Что от моего признания в любви или отказа от датура Гермиона перестанет умирать? Да я просто влюблённый идиот, если так старательно выстраивал эти воздушные замки.
От мыслей меня отвлёк резкий грохот: Гермиона упала с кровати. Я вытащил из штанов пузырёк с успокоительным и стряхнул несколько капель на язык, замечая, как сильно дрожали руки. Больше не оставалось сил. Их было чертовски недостаточно, чтобы наблюдать за такой Гермионой без расслабляющих настоек. Но я должен был помочь, сделать хоть что-то, чтобы она продержалась ещё час.

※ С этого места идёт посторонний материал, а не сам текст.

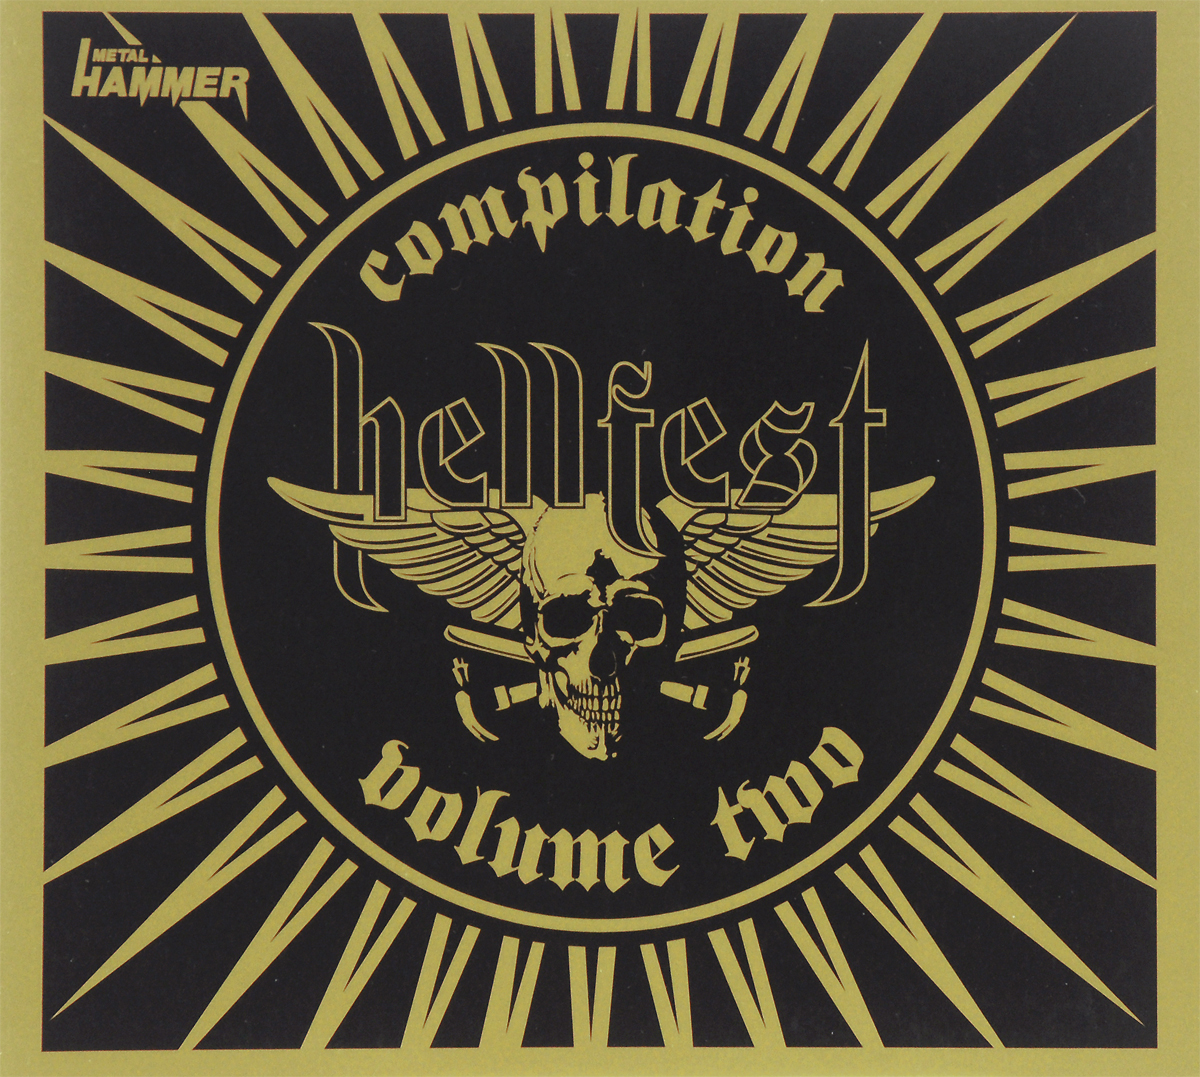 Machine Head,Unearth,The Haunted,Killswitch Engage,Caliban,Ektomorf,Kataklysm,Illdisposed,Disbelief,Hypocrisy,Cradle Of Filth,In Flames,Lacuna Coil,Amorphis,Amon Amarth,Dimmu Borgir,Legion The Damned,Trivium,Heaven Shall Burn,Soilwork Hellfest Compilation. Vol. 2 (2 CD)

Да, этот час будет чертовски непростым. Мучительным и переполненным страданиями. Но приступ не убьёт её, не погубит, раскрошив в прах то, что осталось от Гермионы. А вот датур… Ещё одна доза вполне может её убить. Организм просто не способен переваривать наркотики и чуть ли не вёдра стимулирующих, будучи под проклятием. И её состояние в последние дни тому прямое доказательство.
Дать ей датур — самый простой выход. Самый безболезненный. Но я не мог. Всё внутри противилось этому. Особенно моя хромая психика, что заходилась дикой тряской, как только глаза Гермионы закрывались, а тело полностью расслаблялось, будучи охваченным кайфом. Это, блять, невыносимо — наблюдать, как любимый человек шагает к могиле с твоей подачи.
Каждая доза могла стать последней.
Мы должны справиться без сраного порошка.
Я с трудом поднялся с кровати и подошёл к Гермионе, что стояла на четвереньках, до крови впиваясь пальцами в жёсткий ворс ковра. И если она страдала от телесной боли, то я — от душевной. Уверен, если бы не успокоительное, я бы сейчас валялся рядом с ней от очередной панической атаки.
Я положил руку ей на спину, глубоко вздыхая и собираясь с силами, пока чувствовал под пальцами почти ледяную кожу. Но не успел я и рта раскрыть, как всё её тело затряслось, будто её вот-вот опять стошнит.
— Где… датур? — прохрипела она, вонзая невидимый нож в мою грудь.
Я замер, и Гермиона тут же дёрнулась вперёд — к прикроватной тумбочке, зачем-то начиная шарить по ящикам, размазывая кровь по всему, чего касалась. Я бросился за ней, обхватывая худощавое тело со спины и кое-как оттаскивая назад.
— Остался всего час, Гермиона, — срывающимся голосом начал умолять я.
Даже не уверен, что она меня услышала. Я попытался поднять её на ноги, но то ли она так отчаянно старалась вырваться, то ли её трясло настолько, что все мои силы уходили на то, чтобы просто удерживать её рядом.
— Где он?! — завизжала Гермиона, начиная бить кулаками себя по лицу. Впивалась ногтями в щёки, будто хотела содрать кожу.
Я перехватил её ладони, опуская их вниз, чтобы она не нанесла себе ещё больше увечий. Насколько же ей больно, чёрт побери?! Ёбаное проклятие.
— Гермиона, пожалуйста! — закричал я ей в ухо, стараясь достучаться.
Стимулирующее, стимулирующее, где же оно, блять?